Problem description: Would you return, word for word, the lines running from the one with "Girl's Fleece Sweatshirt Blah-Pink Mean" to the final line of the listing below, pictures omitted?

Input material:

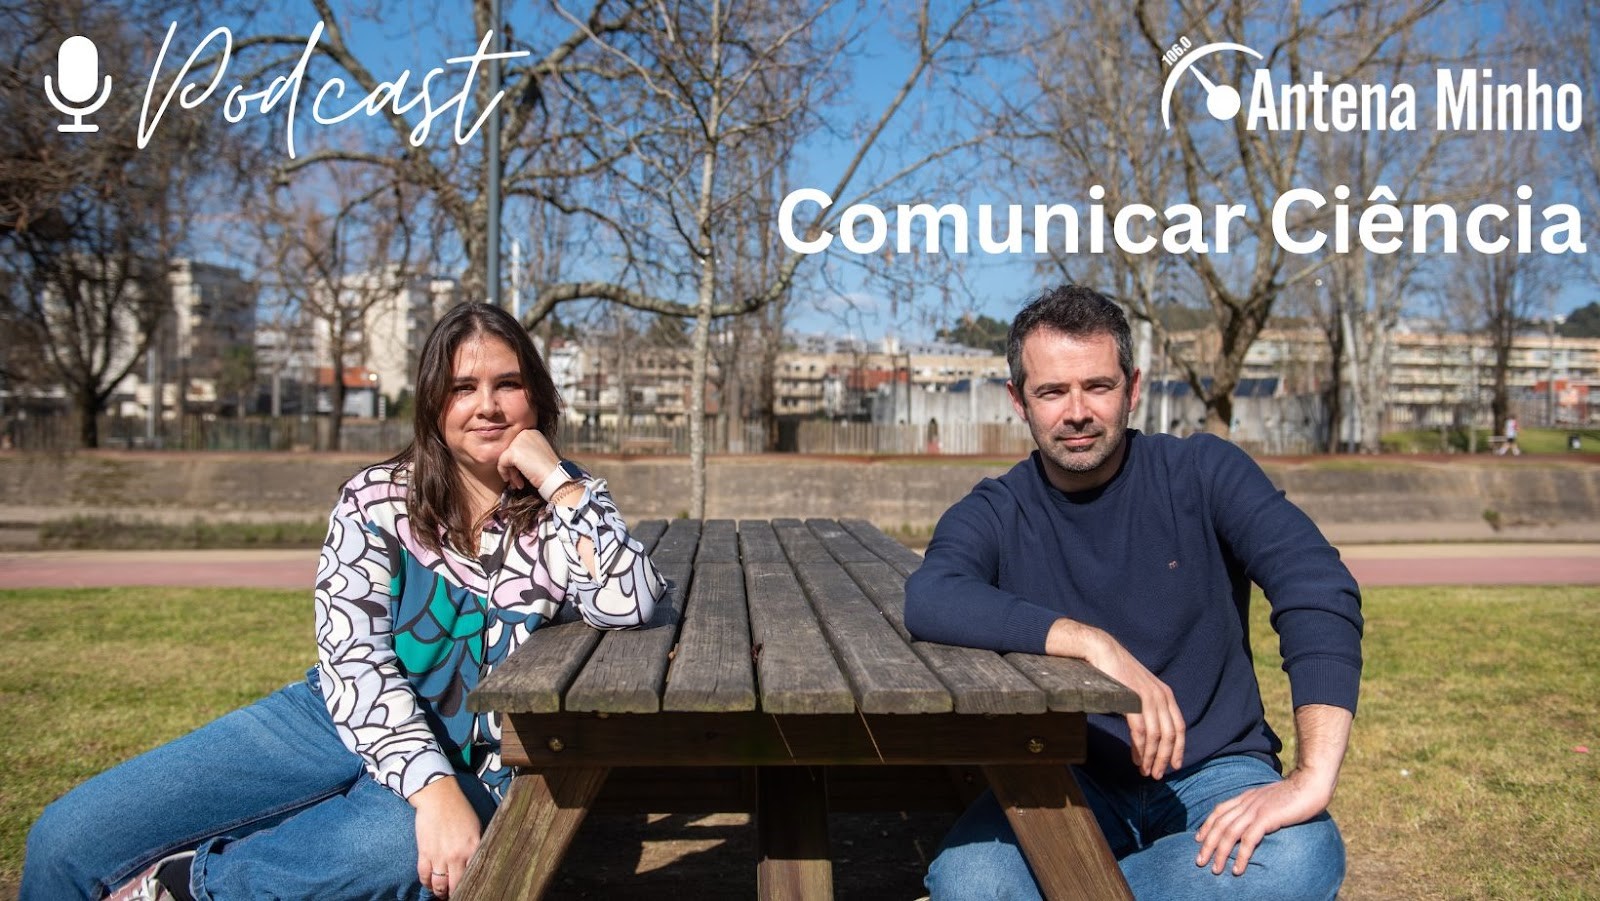 Catarina Loureiro e Jorge Dinis Oliveira, autores do Comunicar Ciência da Antena Minho
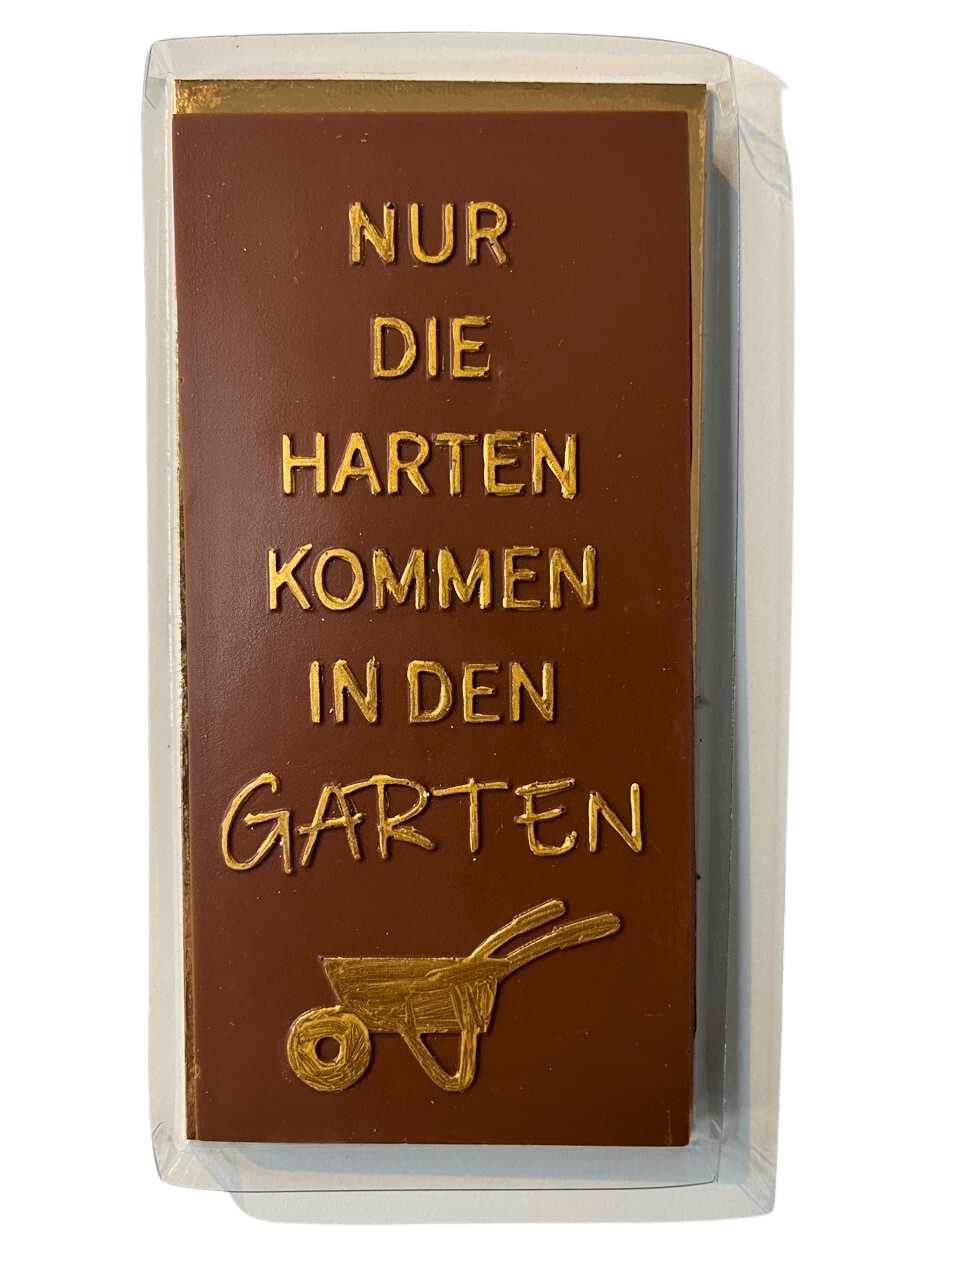 Tafel Vollmilch-Schokolade "Nur die Harten kommen in den Garten"
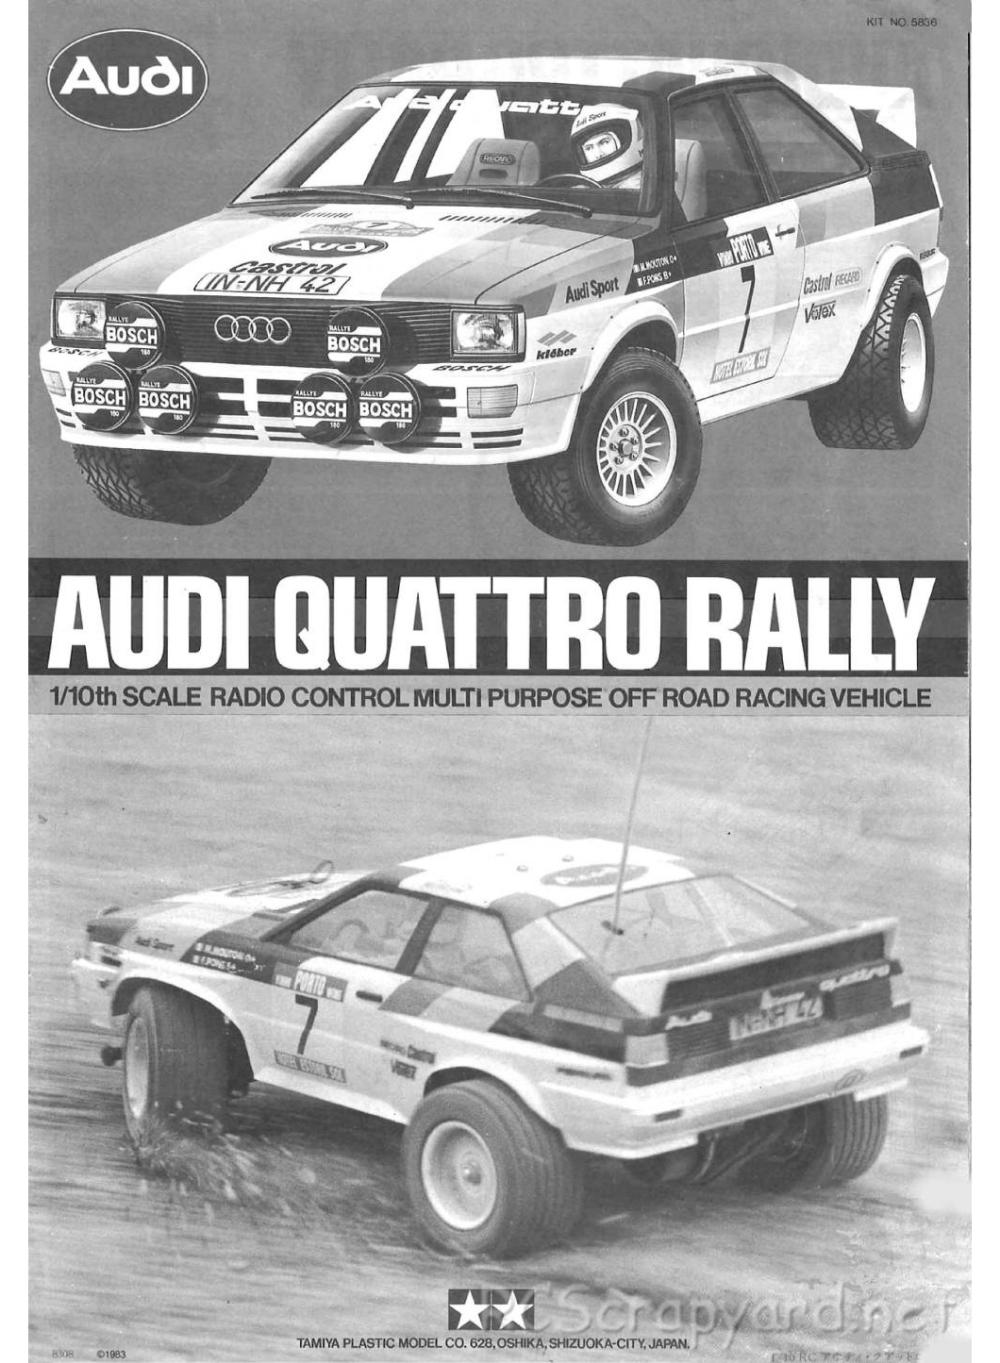 Tamiya - Audi Quattro Rally - 58036 - Manual
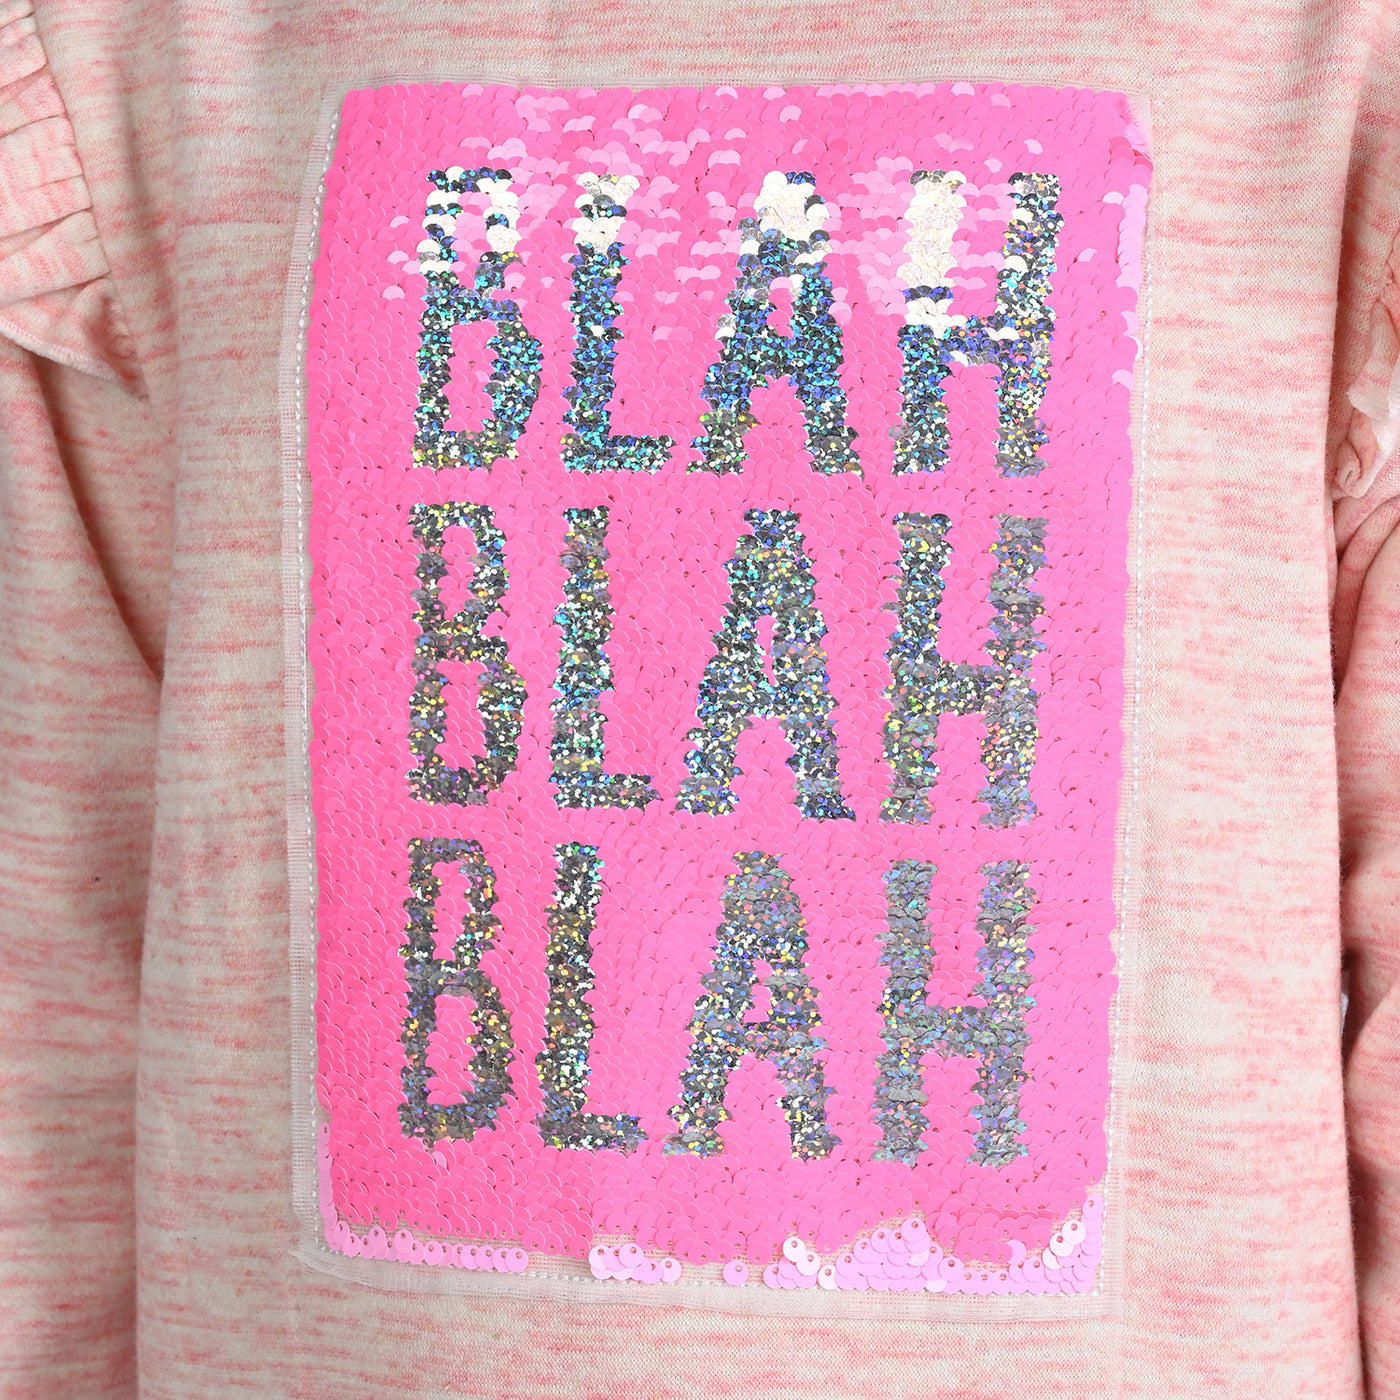 Girl's Fleece Sweatshirt Blah-Pink Mean
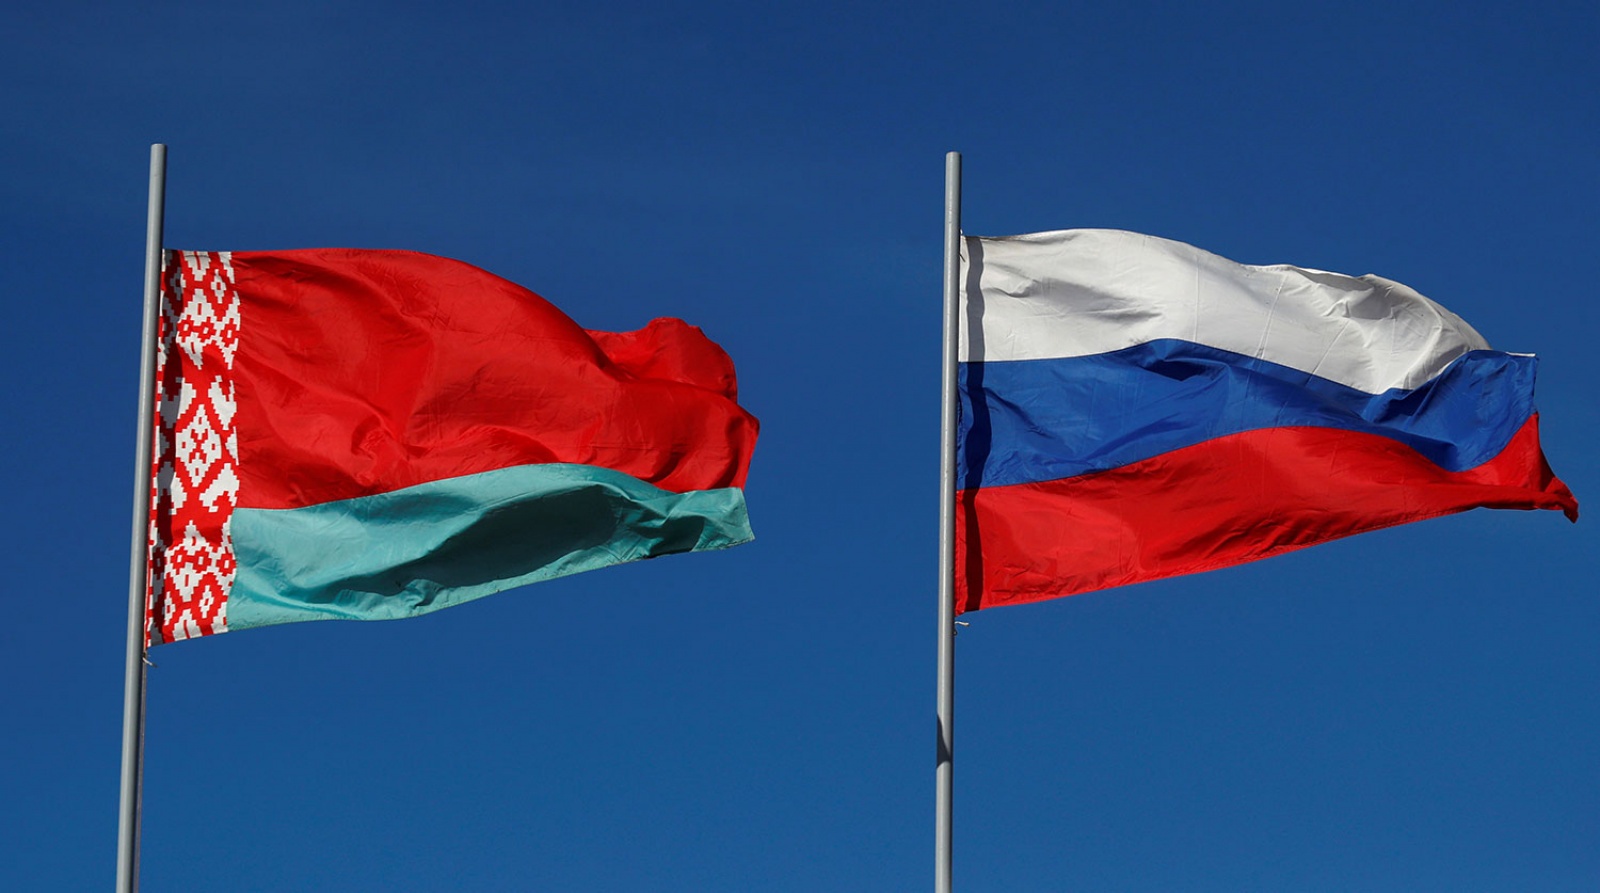 Мезенцев призвал к усилению взаимодействия России и Беларуси по линии союзных программ

Exercise output:
 Girl's Fleece Sweatshirt Blah-Pink Mean
 Мезенцев призвал к усилению взаимодействия России и Беларуси по линии союзных программ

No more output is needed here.